+++ THE DATA

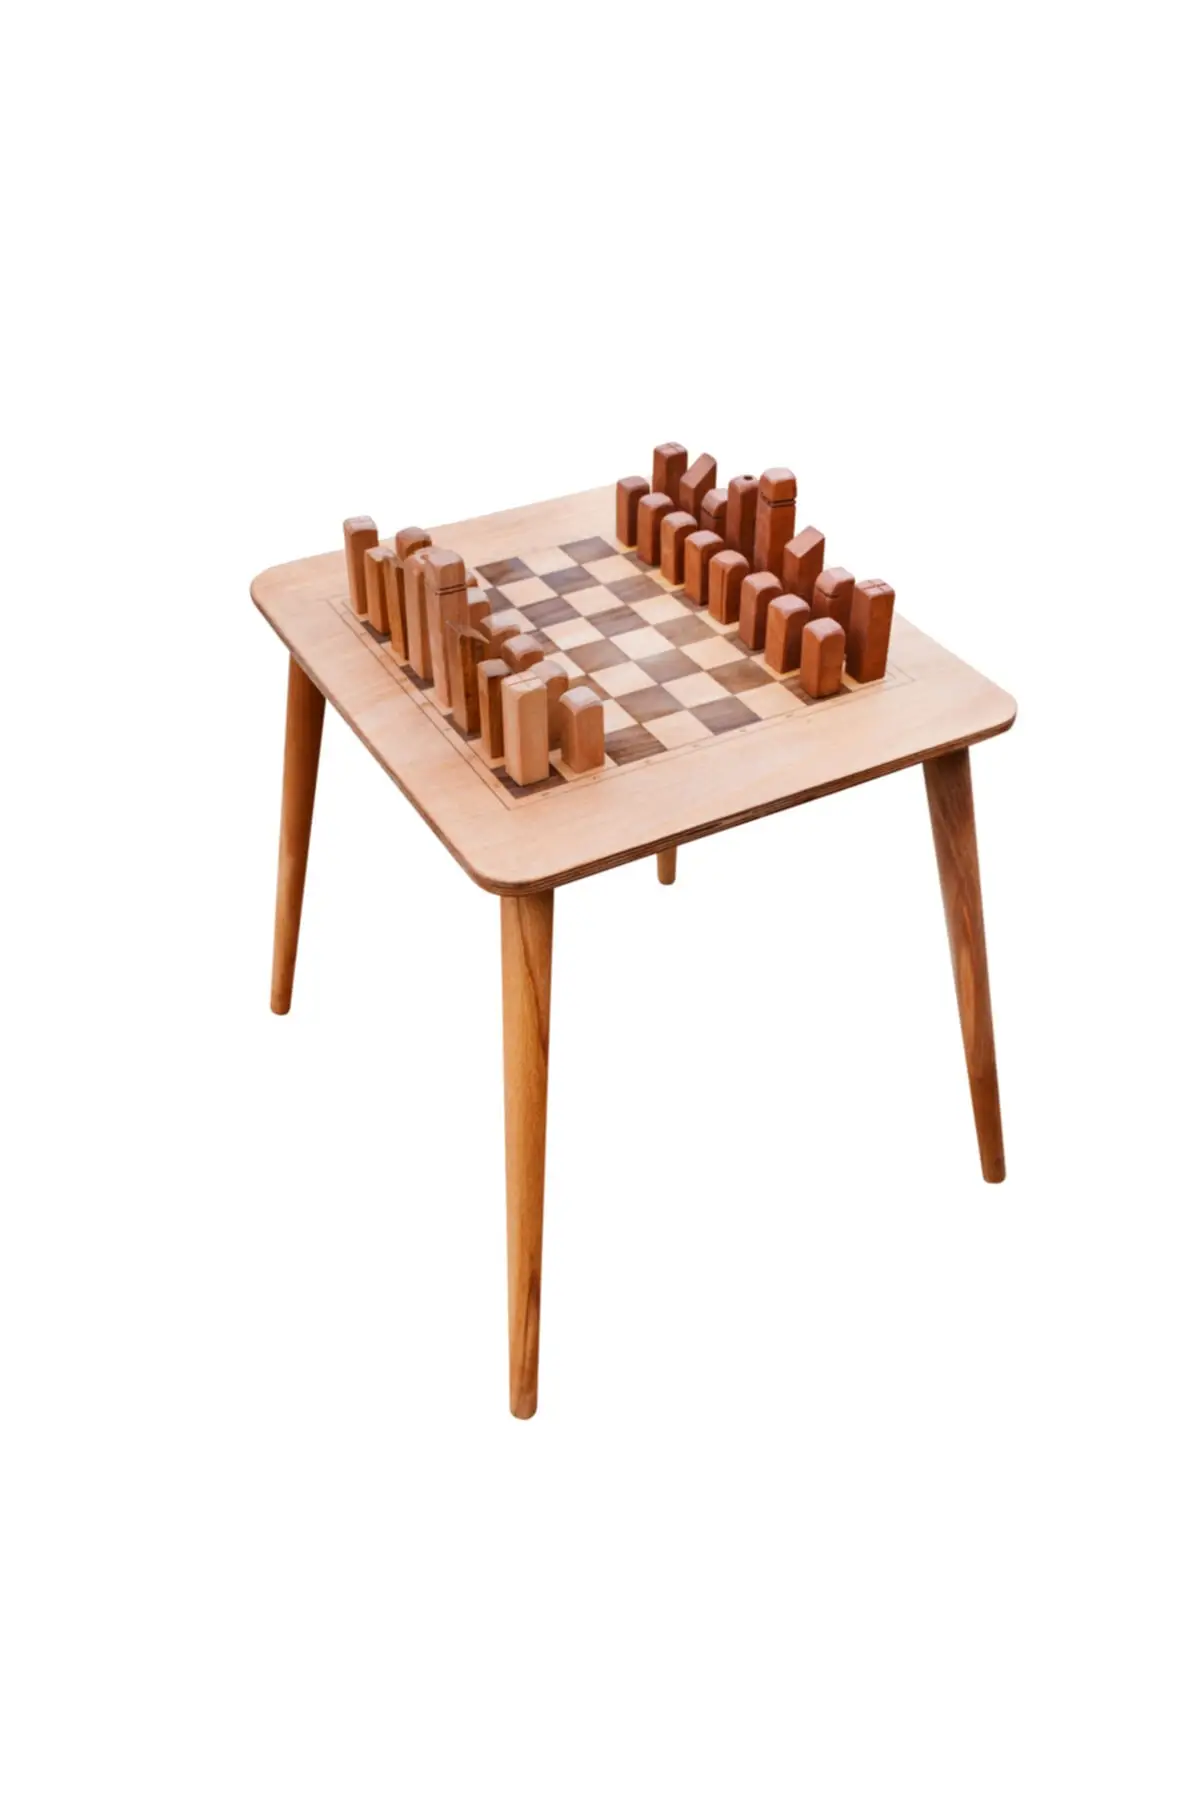 Wooden Laser Pattern Custom Design Chess Table Set Toys Painting Board Table Art Educational Entertainment Tools For Kids
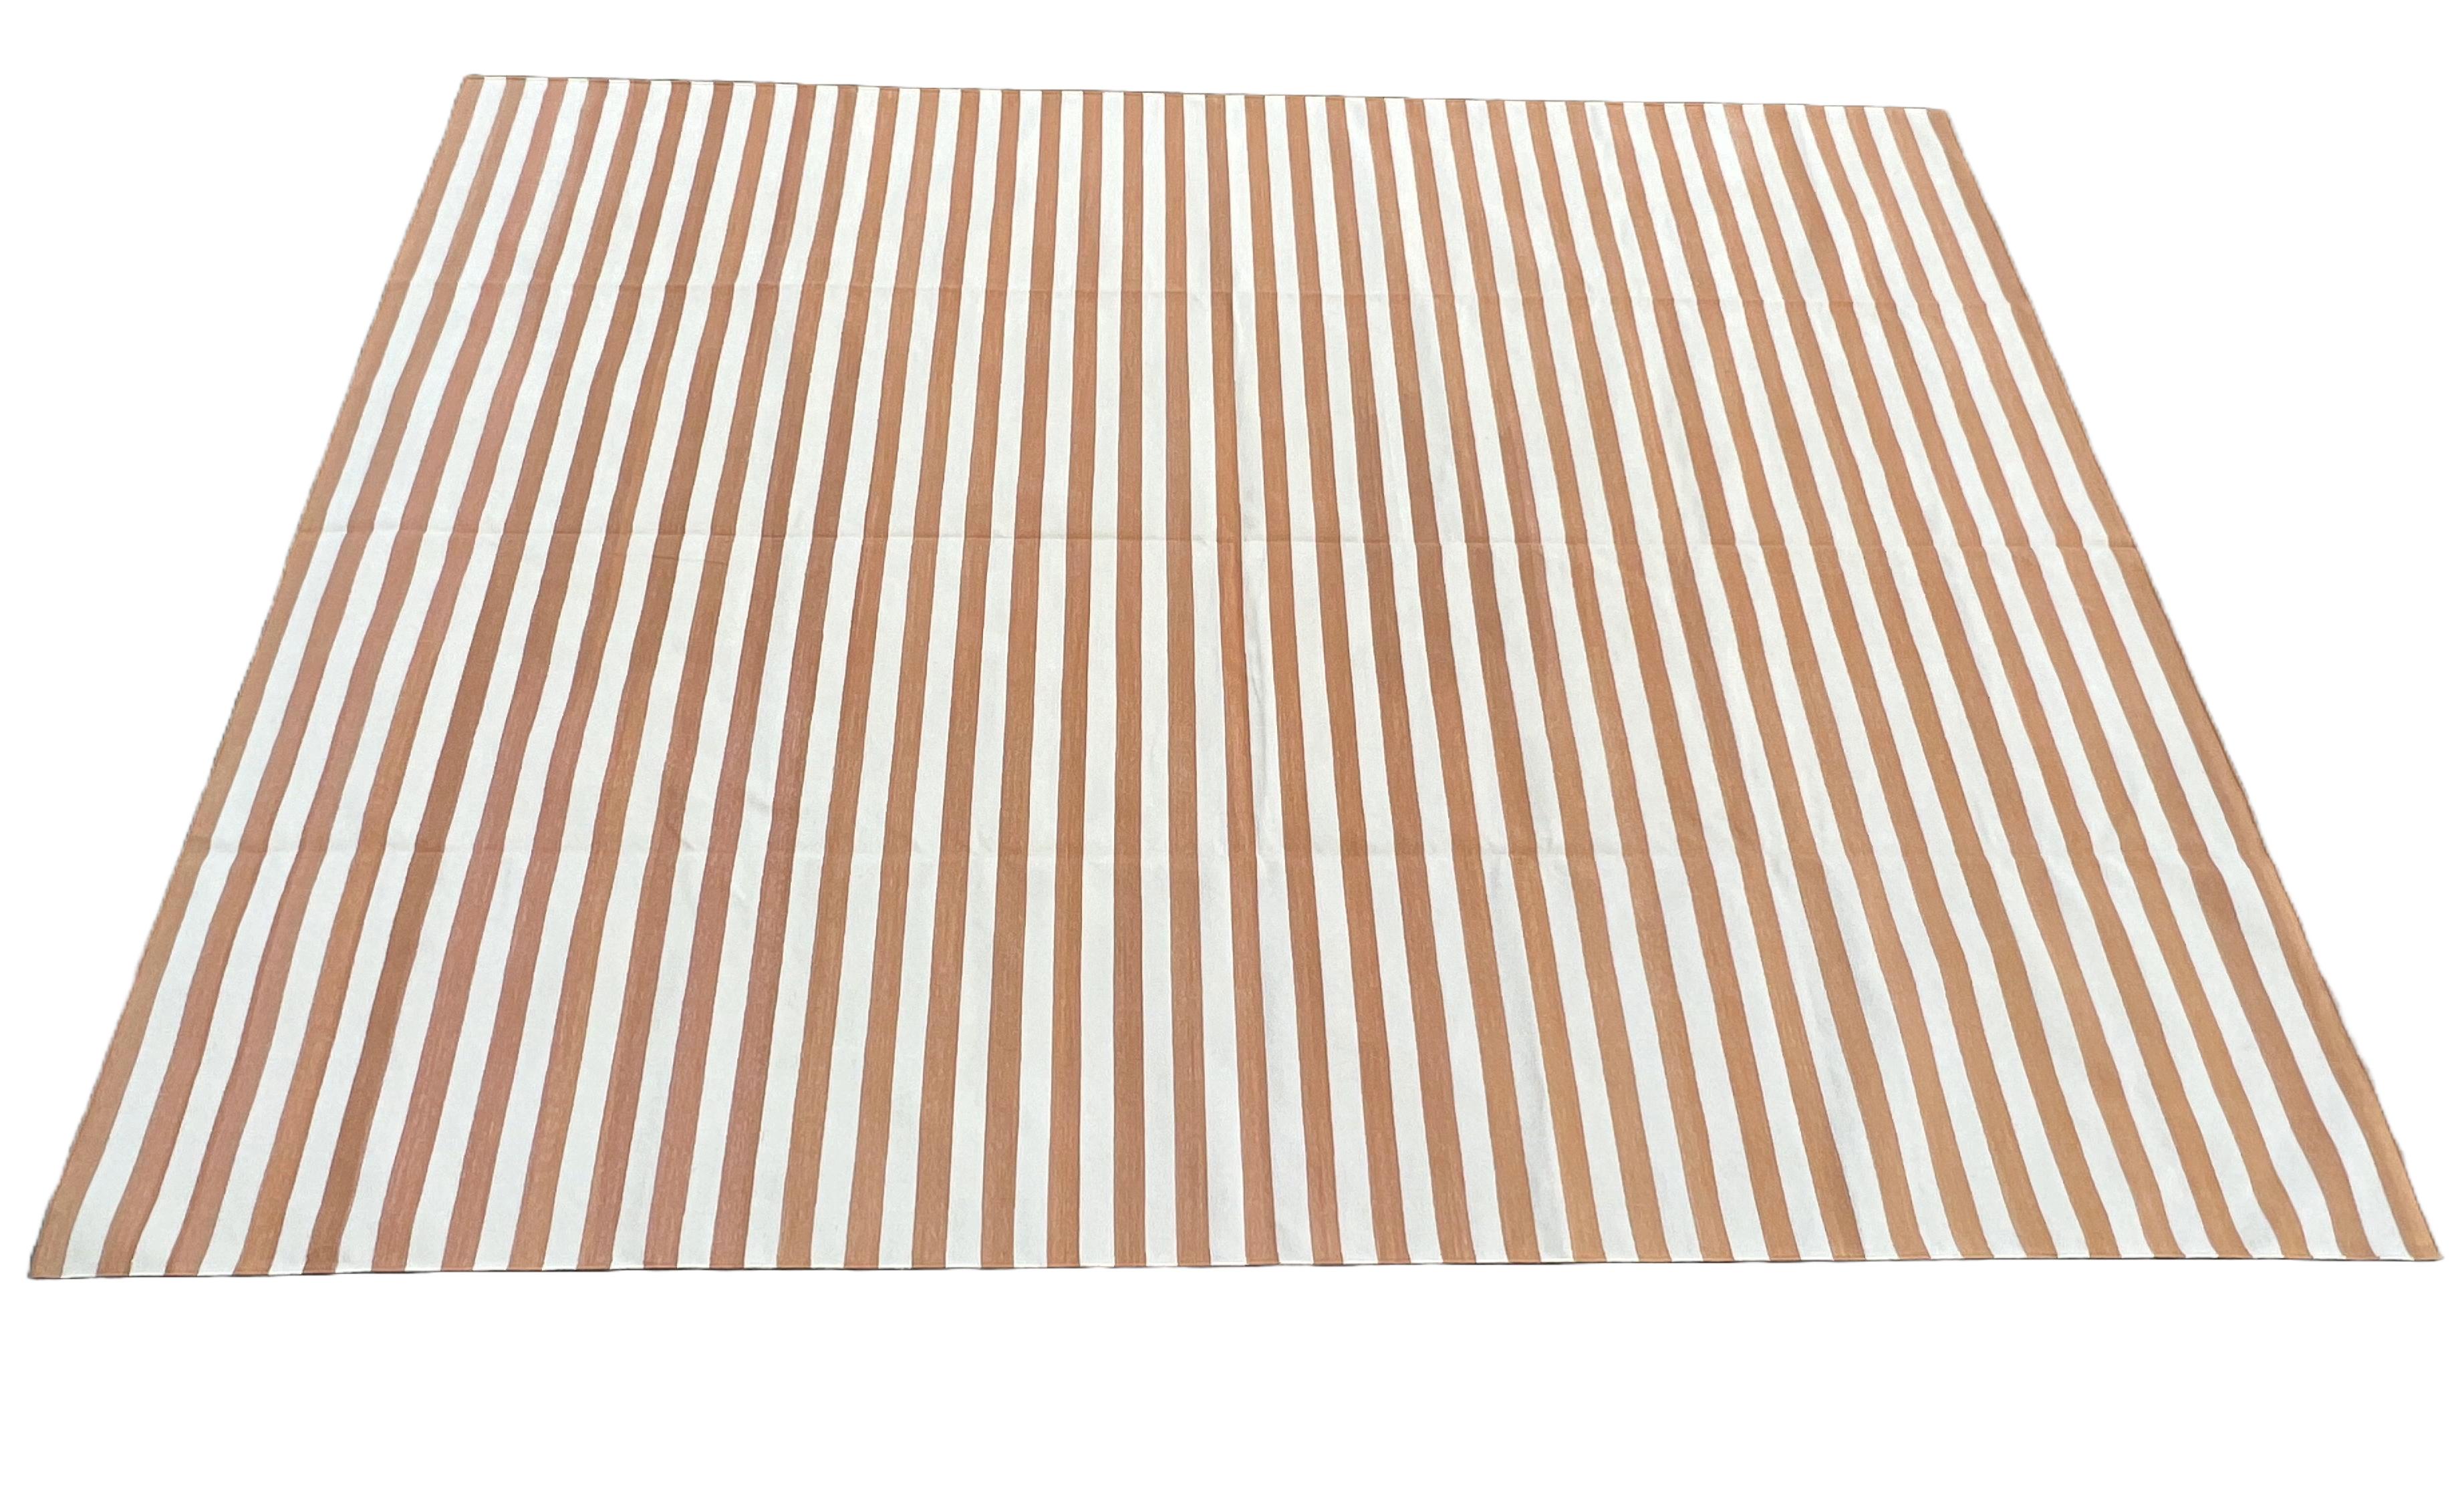 Handmade Cotton Area Flat Weave Rug, 9x12 Tan And White Striped Indian Dhurrie For Sale 4
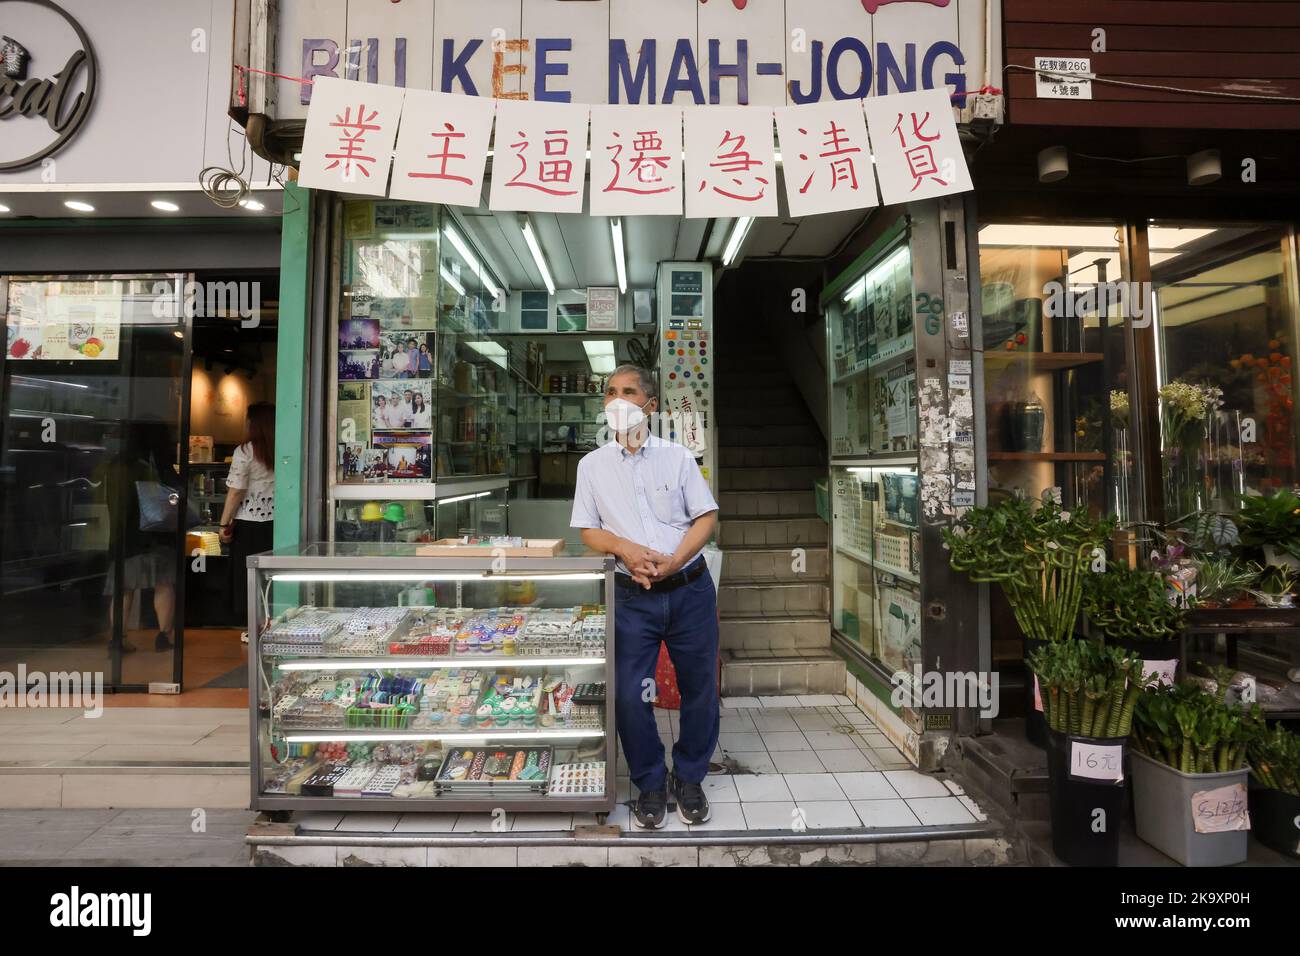 Cheung Shun-king, Mahjong tile artisan and owner of Biu Kee Mah-Jong, poses for a picture at Biu Kee Mah-Jong in Jordan. The old mahjong tile shop is forced to close at the end of October as it is evicted by the Buildings Department.  06OCT22 SCMP / Jonathan Wong Stock Photo
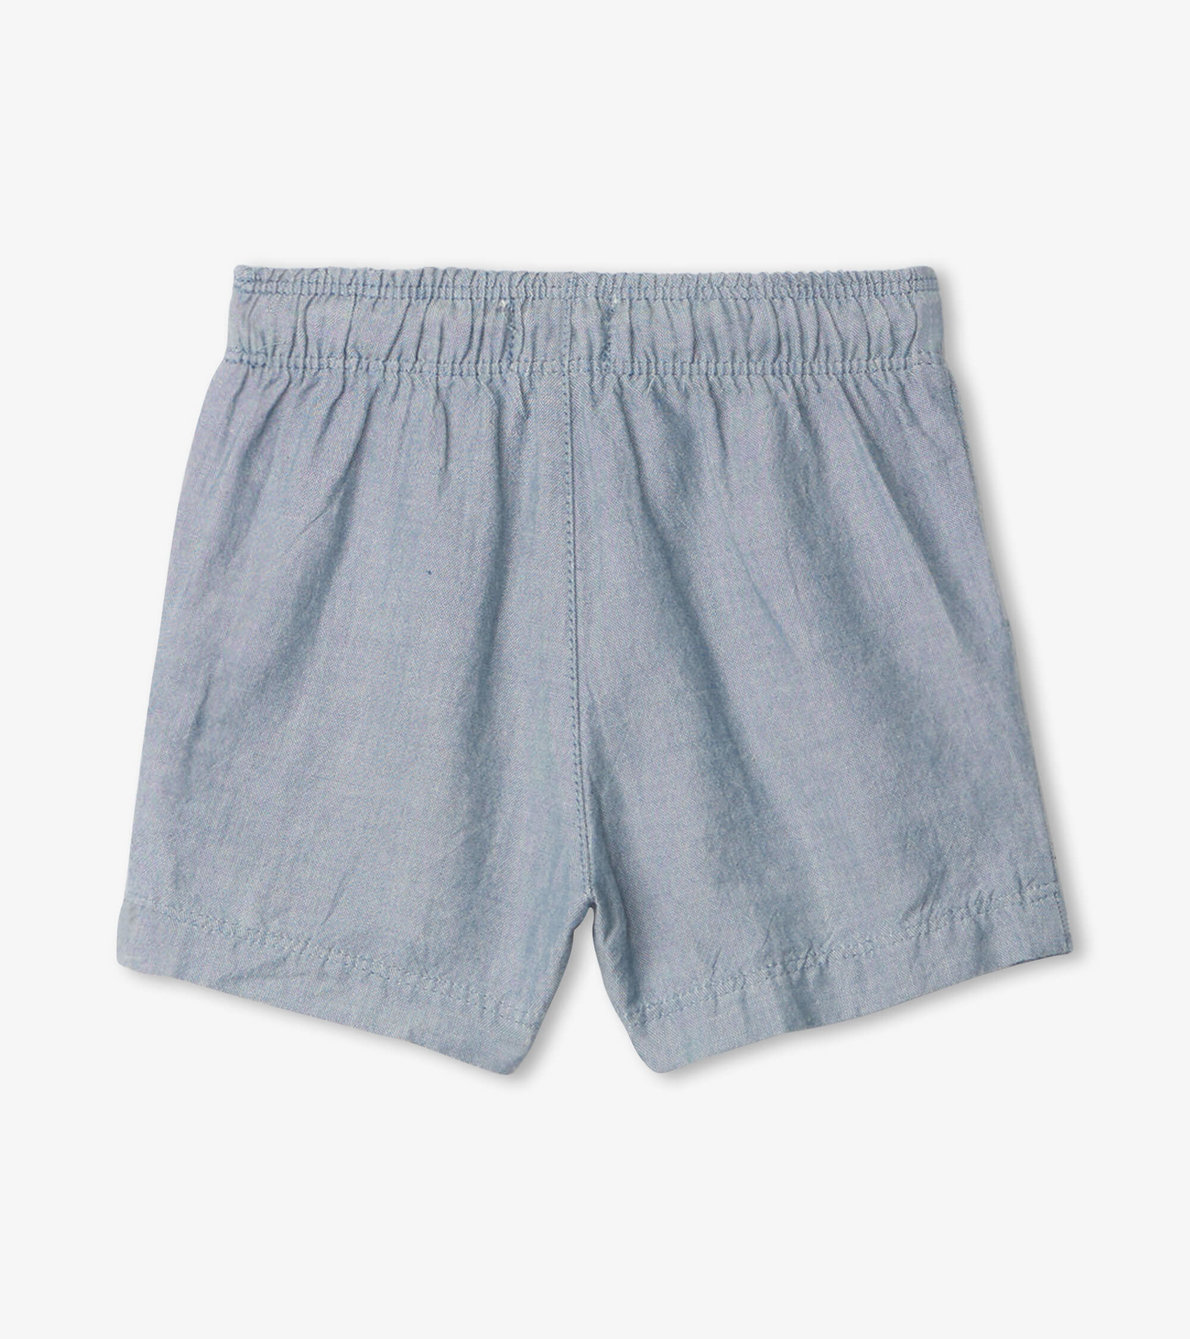 View larger image of Chambray Baby Woven Shorts

++++++

:: ACTION ITEM ::
Please output the data above exactly as given, omitting every picture.

:: OUTPUT FOR THIS EXERCISE ::
 Wooden Laser Pattern Custom Design Chess Table Set Toys Painting Board Table Art Educational Entertainment Tools For Kids
 Handmade Cotton Area Flat Weave Rug, 9x12 Tan And White Striped Indian Dhurrie For Sale 4
 Cheung Shun-king, Mahjong tile artisan and owner of Biu Kee Mah-Jong, poses for a picture at Biu Kee Mah-Jong in Jordan. The old mahjong tile shop is forced to close at the end of October as it is evicted by the Buildings Department.  06OCT22 SCMP / Jonathan Wong Stock Photo
 View larger image of Chambray Baby Woven Shorts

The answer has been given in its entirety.